Comply with the terms and conditions of the employment contract, company policies and procedures, and any and all directives (such as, but not limited to,……
Deep understanding of software engineering and processes: design patterns, algorithms, data structures, schemas and queries, system design, unit testing, code……
This role blends DevOps automation, site reliability principles, cloud architecture, and security-by-design practices to ensure operational excellence and……
Implement security best practices and ensure alignment with industry standards and regulatory requirements. Stay current with emerging technologies, tooling,……
Partner with engineering, DevOps/SRE, security, product, and business teams to translate engineering metrics into business-ready insights and drive adoption of……
You will have experience working on high-scale platforms that serve millions of users or process large volumes of real-time transactions with strict uptime and……
We are looking for a highly experienced Senior SRE with strong expertise in AWS to help design, operate, and scale the infrastructure powering our product……
They are translated in our business activity (ESG assessment, reporting, project management or IT activities), our work environment and in our responsible……
Strong Kubernetes and cloud-native ecosystem expertise. We are seeking a DevOps/SRE Engineer to build and manage CI/CD pipelines, Kubernetes infrastructure,……
We are looking for a highly motivated Observability Engineer to design, implement, and operate end to end observability solutions for modern, cloud native……
Optimize cloud cost, performance, and security. Manage CI/CD pipelines and infrastructure automation.
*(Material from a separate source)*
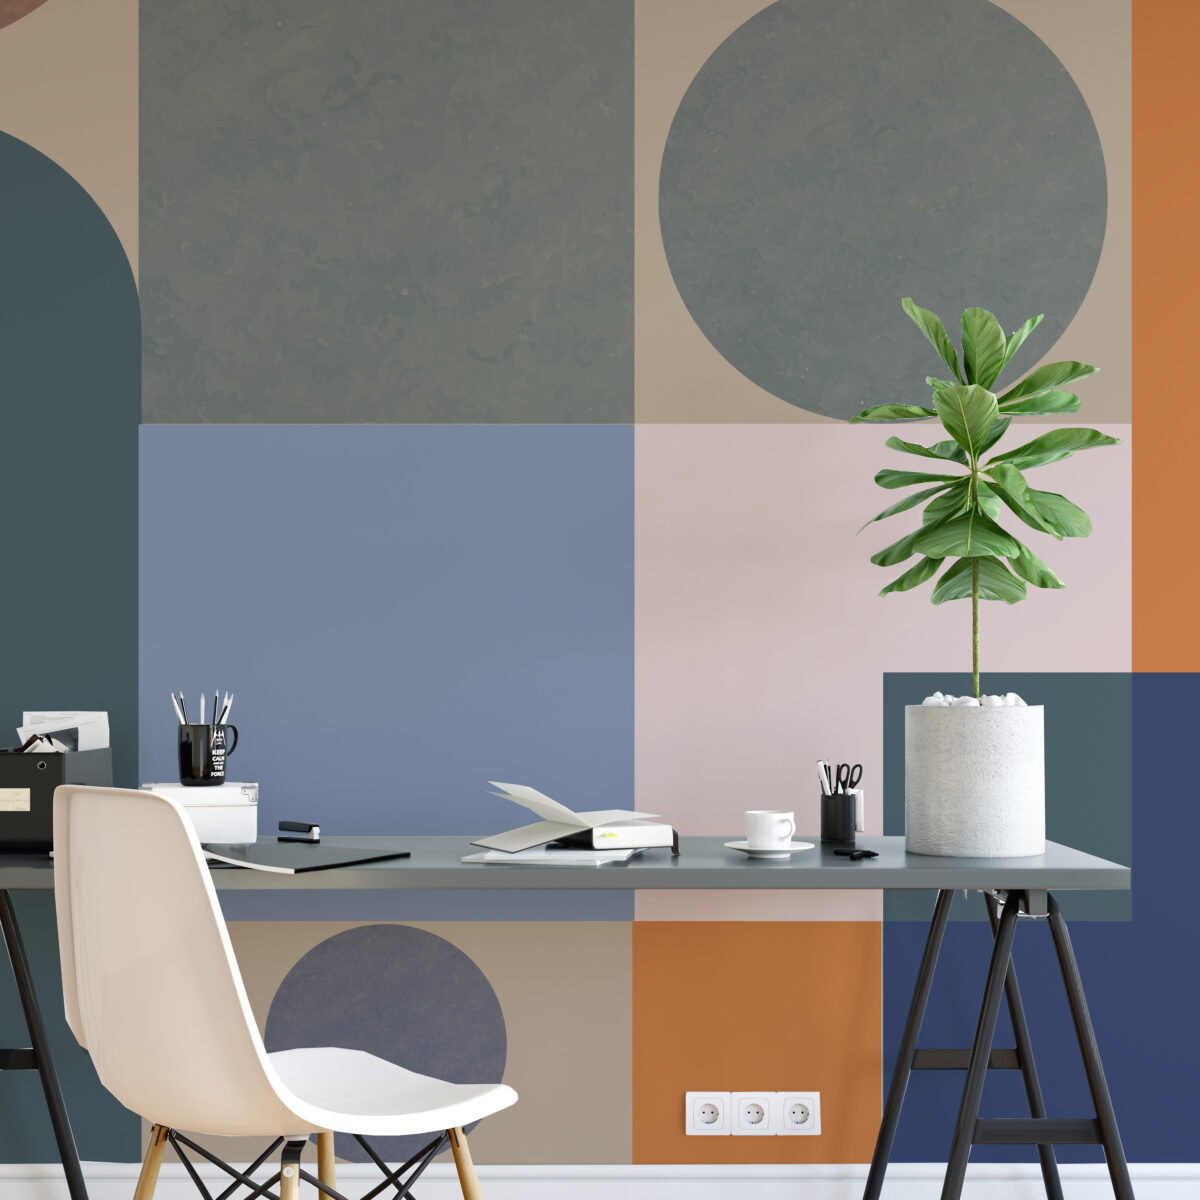 Papel tapiz con estilo Bauhaus para decorar oficinas

Handle incident management and production support.…
You will design, build, and operate cloud-native infrastructure that supports ML model serving, data pipelines, and developer platforms across AWS, GCP, and……
Mentor and guide junior engineers while driving continuous service improvement. We are seeking an experienced Cloud Operations Lead with a strong background in……
Comply with the terms and conditions of the employment contract, company policies and procedures, and any and all directives (such as, but not limited to,……
On-call Support for L1,L2 tickets. Own environment setup and day-to-day operations for services on Kubernetes, design and maintain CI/CD and GitOps workflows,……
Contribute to scalable and cost-aware cloud infrastructure design alongside senior engineers. Proven experience with debugging production issues, improving……
Own environment setup and day-to-day operations for services on Kubernetes, design and maintain CI/CD and GitOps workflows, implement observability stacks, and……
As a DevOps & SRE Platform Engineer, you will be responsible for designing, implementing, and maintaining the infrastructure and tools necessary for the……
Proven ability to design and maintain automation and integration tests for distributed cloud-native systems. Formal SRE or cloud certifications.…
As a Cloud Platform Engineer – Container, you will be responsible for the design, development, deployment, operation, and continuous improvement of cloud native……
We are seeking an experienced – DevOps & Cloud Platform Engineering to partner closely with senior engineering leadership and drive cloud‑native DevOps……
Execute creative solutions for design, development, and technical troubleshooting. Uses enterprise-authorized AI capabilities within the work environment to……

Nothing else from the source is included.